KCAS has worked hard to stand out in the market as a CRO that offers pre-labeled collection containers and shipping containers, single point of receipt and inventory with real-time notification of receipt to study sites and sponsors as well as laboratorians, coordination of study sample processing through various labs from dose form, LCMS PK and PD, protein LCMS or ELISA PK and PD, Biomarker analysis by ELISA, flow cytometry, or protein LCMS to anti-drug antibody analysis.
While the critical information for a GLP-Tox study is the pharmacokinetic and perhaps the anti-drug antibody data, there will be additional biomarkers which are indicative of efficacy; flow cytometry is one such biomarker that is often overlooked. Peripheral blood cells can be equally representative of drug mechanism of action which are easily obtained and phenotyped for this purpose. Regulation of specific surface or intracellular proteins, phosphorylation of specific proteins, modulation of protein expression as well as cell cycle, mitochondrial function and other cellular physiologic markers can be utilized for this pharmacodynamic measurement. Placing the flow cytometry studies with the same CRO as the PK and ADA work will allow the principle investigators to discuss mechanism of action, kinetics of the drug and facilitate complementary data integration.

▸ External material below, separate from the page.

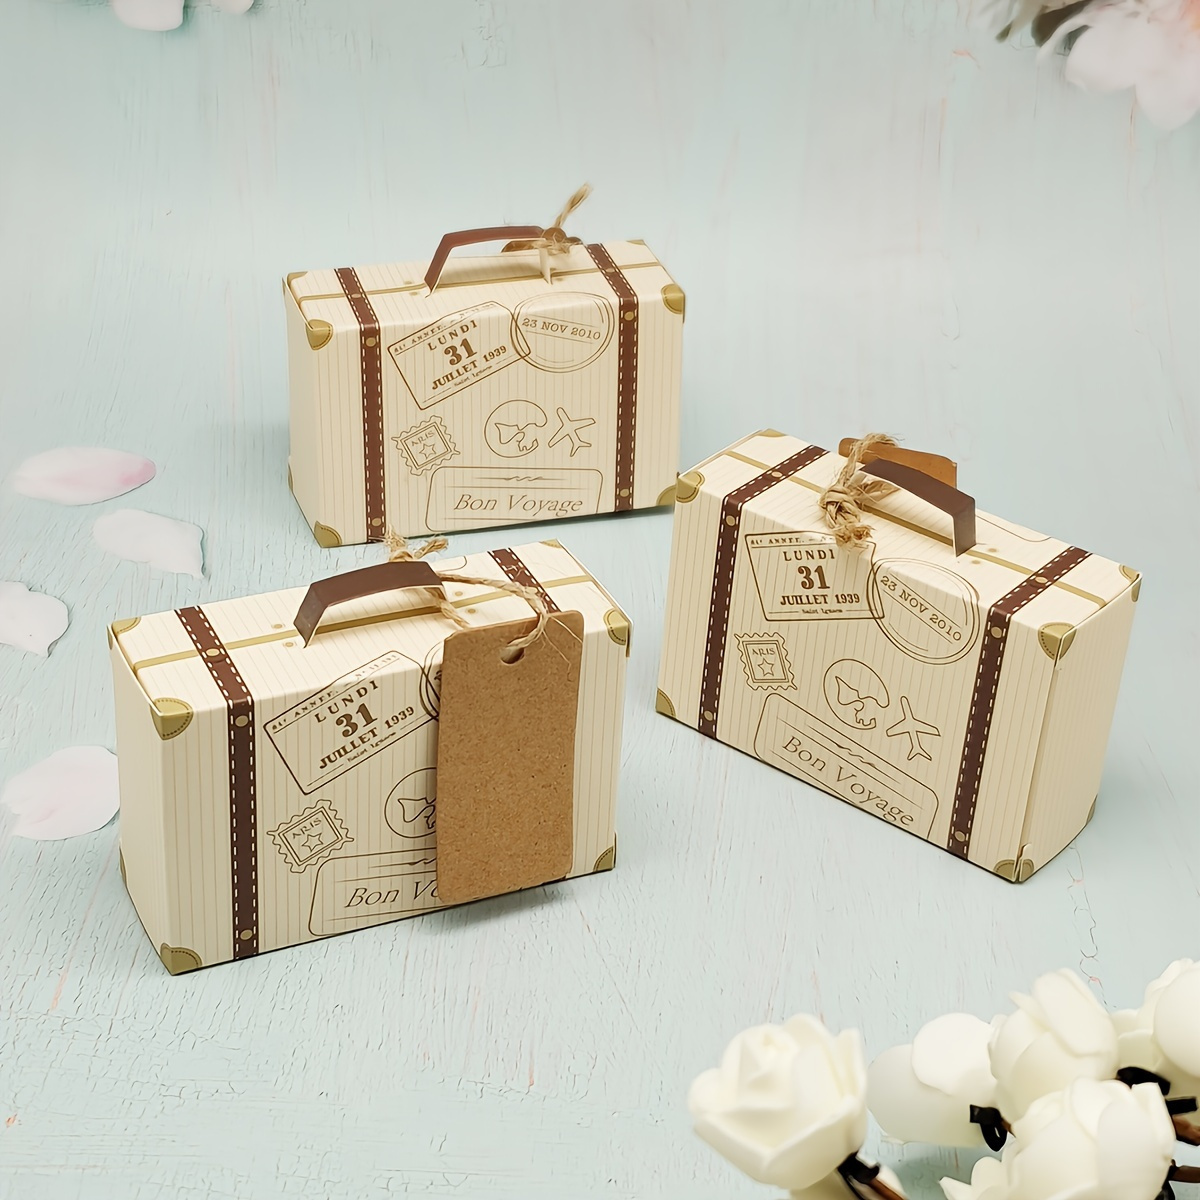 Maletas de cartón: cajas de almacenamiento decorativas de cartón,  decoración de maleta vintage, pequeñas cajas de cartón dulces, decoración  de

Placing your study with a CRO like KCAS can minimize sample volumes required to run all assays, consolidate shipping, limit project management burden for study directors as they interact with fewer labs, and facilitate collaboration between groups running different assays. Your data can be harmonized from discovery to clinical trials providing consistency throughout your program. For the last several years we have been tactically focused on growing our services lines and expanding our current services. We have numerous business metrics to understand our capacity in order to ensure you can SAFELY and CONFIDENTLY place all your bioanalytical “eggs” in one basket …and get the results you need.